Мокрое, болезненное дыхание раненого зверя.
— Сама-то не видишь? — грубовато отвечает он.
— Не вижу… Придерживающая ее рука теперь соскальзывает с талии. Мужчина отступает, делает еще один глубокий и нервный вдох.
— Вон-наа! — изумленно тянет он. — Нешто, слепая? Девушка чувствует, как пытливо оглядывают ее сверху донизу — по ощущениям это сродни тому, как если бы ее ощупывали руками.
— Слепая. Она помнит на себе подобные взгляды из своей прошлой, еще зрячей жизни. Главным образом похотливые, оценивающие. Но в ее неожиданном госте нет похоти — только удивление. Может, поэтому, а, может, по каким-то иным, ей не ведомым причинам, но мужчина больше не держит ее и не угрожает. Когда он заговаривает снова, в его голосе даже слышится сочувствие:
— Как же ты живешь здесь одна?
— Так и живу, — просто отвечает она. Новый тяжелый вздох. На этот раз прерывистый, заканчивающийся мокрым, надсадным кашлем. Дощатый настил скрипит под тяжелыми шагами, пружинит недавно крытая лаком сосновая лавка, когда на нее опускается тяжесть чужого тела.
— Вот что, девка, — произносит мужчина. — Схорониться мне надо… Думал я, не живет тут никто. А вон как оказалось…
— От кого же хоронишься? Девушка не делает попытки убежать, но и не пытается приблизиться к гостю. Он сопит и возится на лавке, с глухим шорохом падает на пол снятый бушлат. Запахи пота и крови становятся острее. Мужчина молчит и только хрипит надрывно. Тогда девушка спрашивает снова:
— Ты ранен?
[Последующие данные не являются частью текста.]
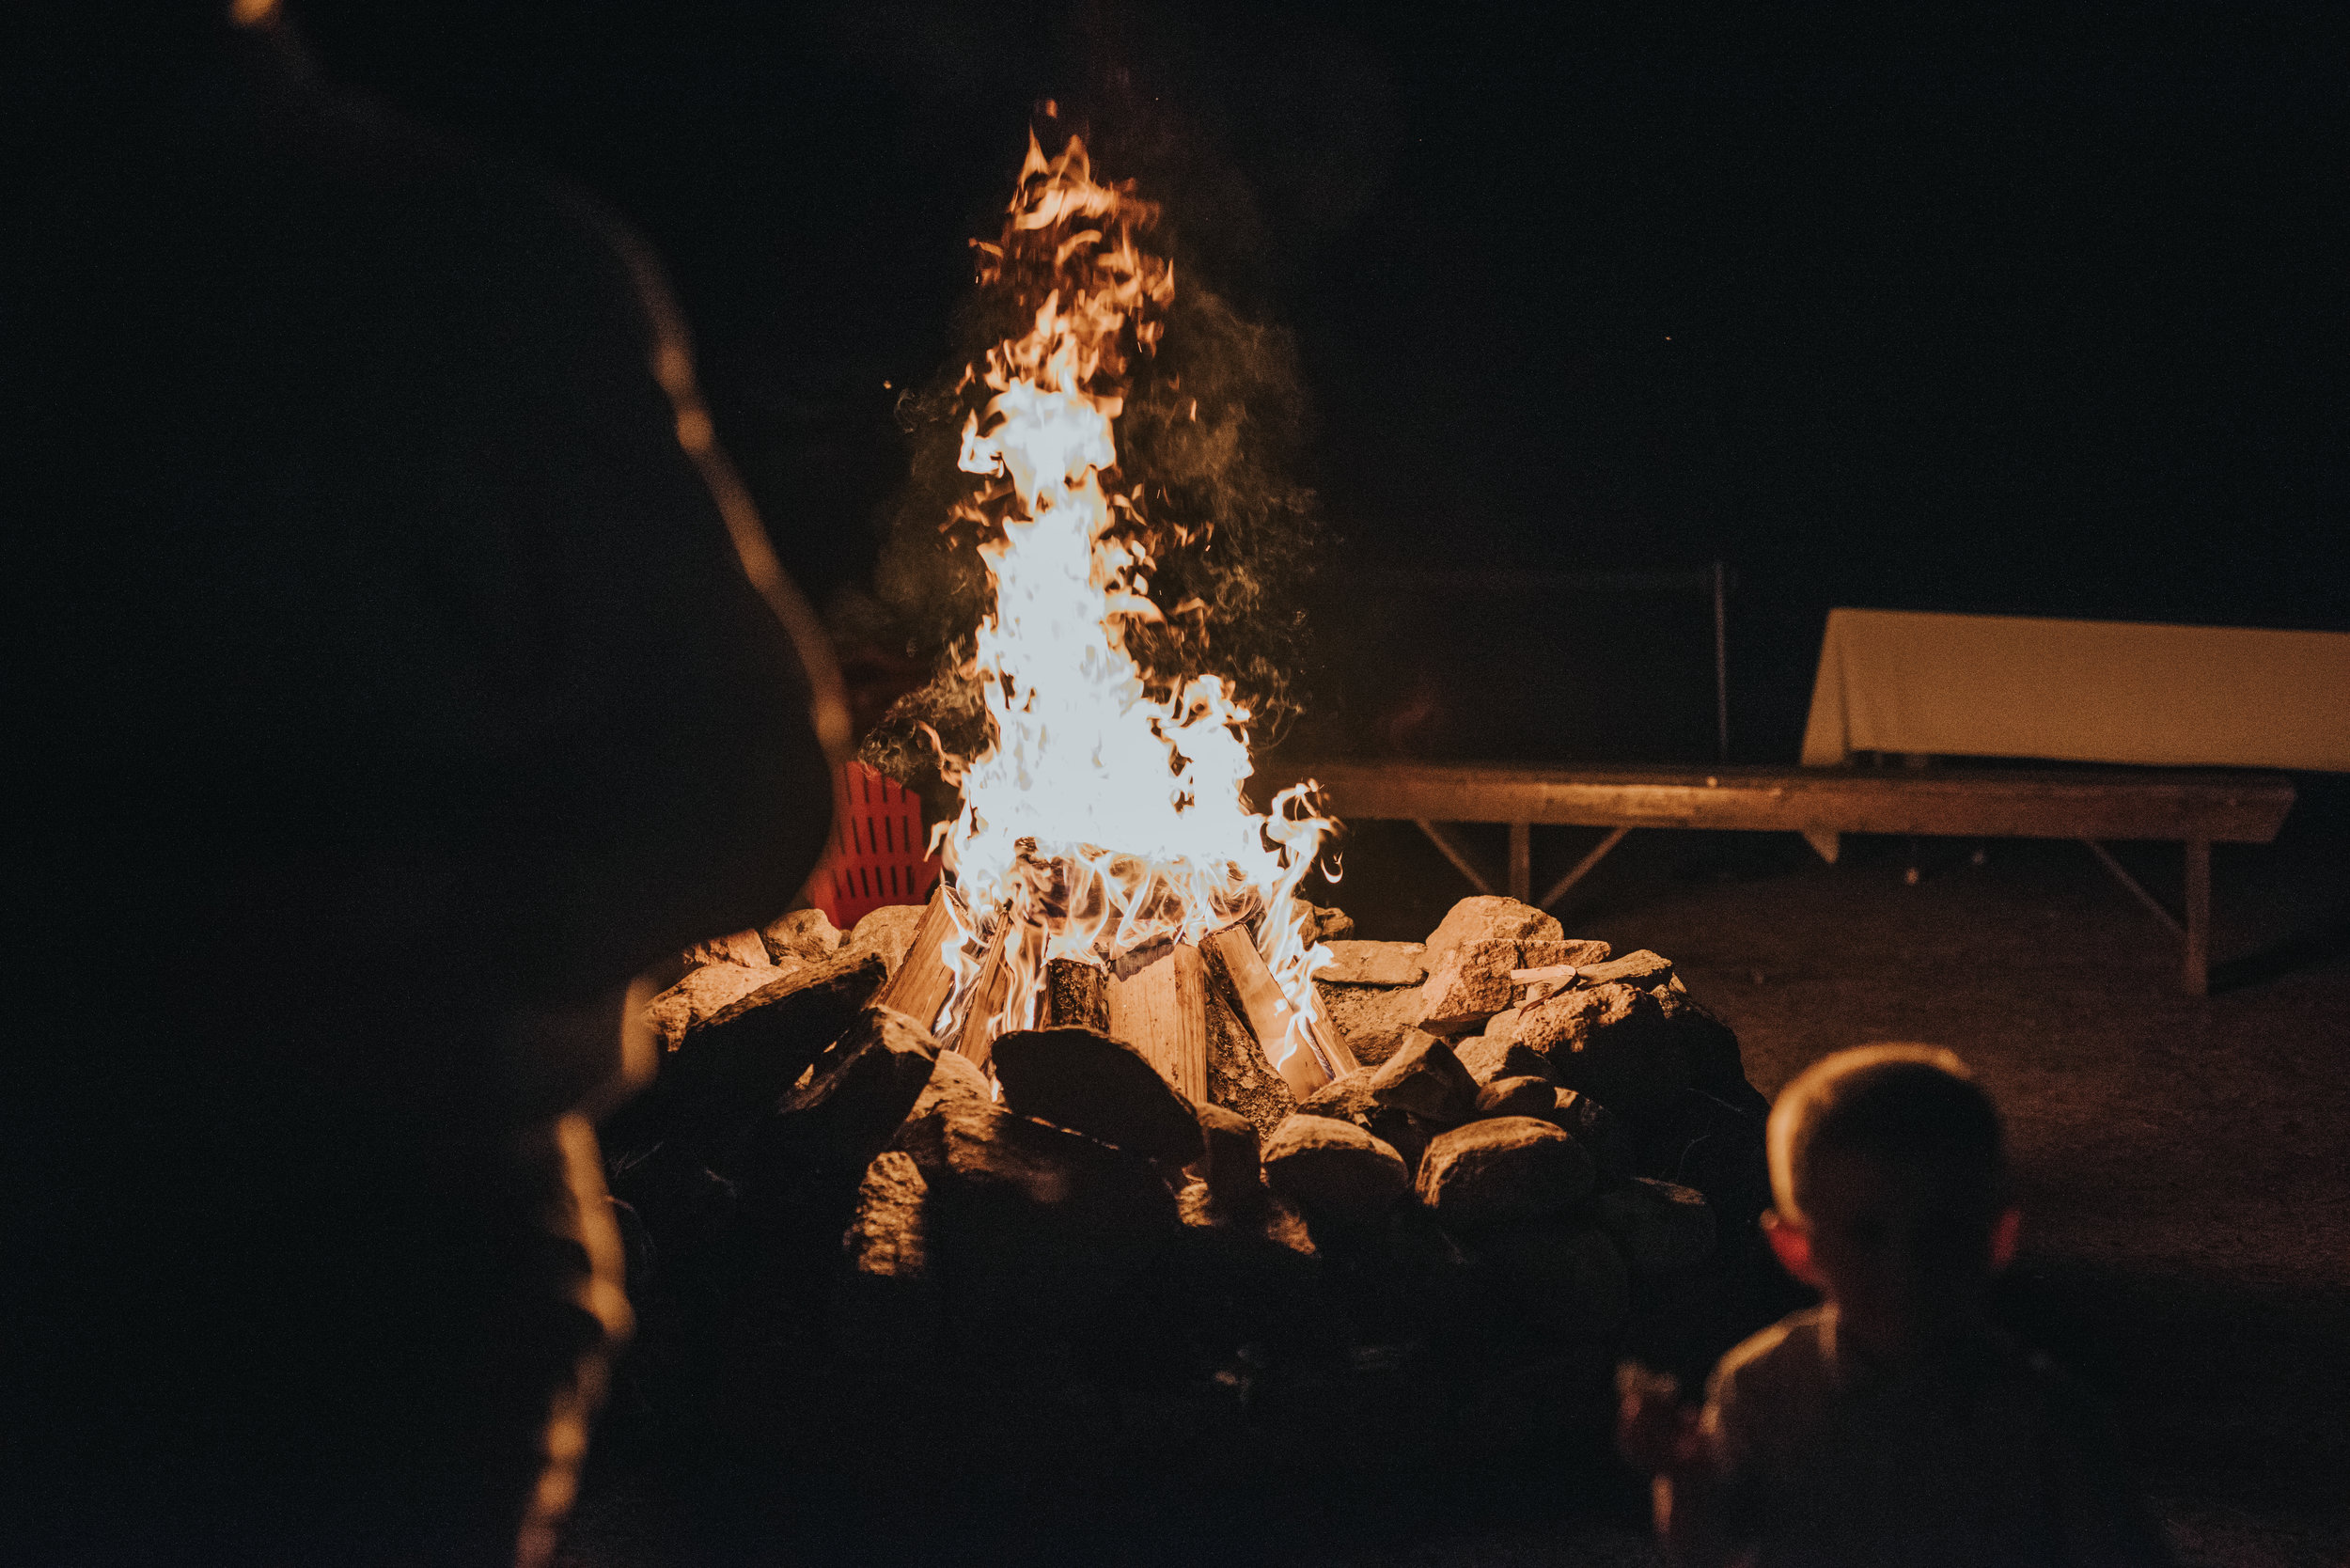 bonfire-rustic-cabin-wedding-reception-toronto-bohemian-boho-outdoor-summer-wedding-documentary-wedding-photography-by-willow-birch-photo.jpg

В ее голосе нет волнения или страха, лишь уверенность в собственной правоте — она знает, каково это, быть загнанным, отчаявшимся зверем. Когда-то она сама была такой… (…когда опьяненные травлей селяне гнали ее по осеннему лесу, и вслед за камнями в ее незащищенную спину летели оголтелые крики: «Ведьма! Держи ведьму!»…)
— Позволь, я погляжу… Она приближается мягко, но уверено: ее дом — ее владения. Здесь все знакомо, до последней лучины, до затаенных в углах паутинных нитей. Пальцы легко и нежно касаются заскорузлой ткани рубахи — слишком влажной и липкой возле плеча. Прямо под небольшой круглой дырой — следом от пули, — нащупывается металлическая пластинка с выбитым номерным знаком: «7…4… 8…», далее следует знак дроби и снова цифры…
— Каторжанин, — без удивления произносит она. — Убег? Шершавые пальцы стискивают ее запястье. В ноздри снова ударяет густой дух табака и пота.
— Верно, девка. Убег, — соглашается он и ухмыляется болезненно — Каторжанин я. Убивец.
— Что ж, — в ее голосе и теперь нет страха, а только грусть. — И каторжане — люди. Мужчина молчит, сопит, думает. Девушка молчит тоже, стоит рядом, склонив набок голову. Мех кухлянки щекочет отогретые, налившиеся румянцем щеки.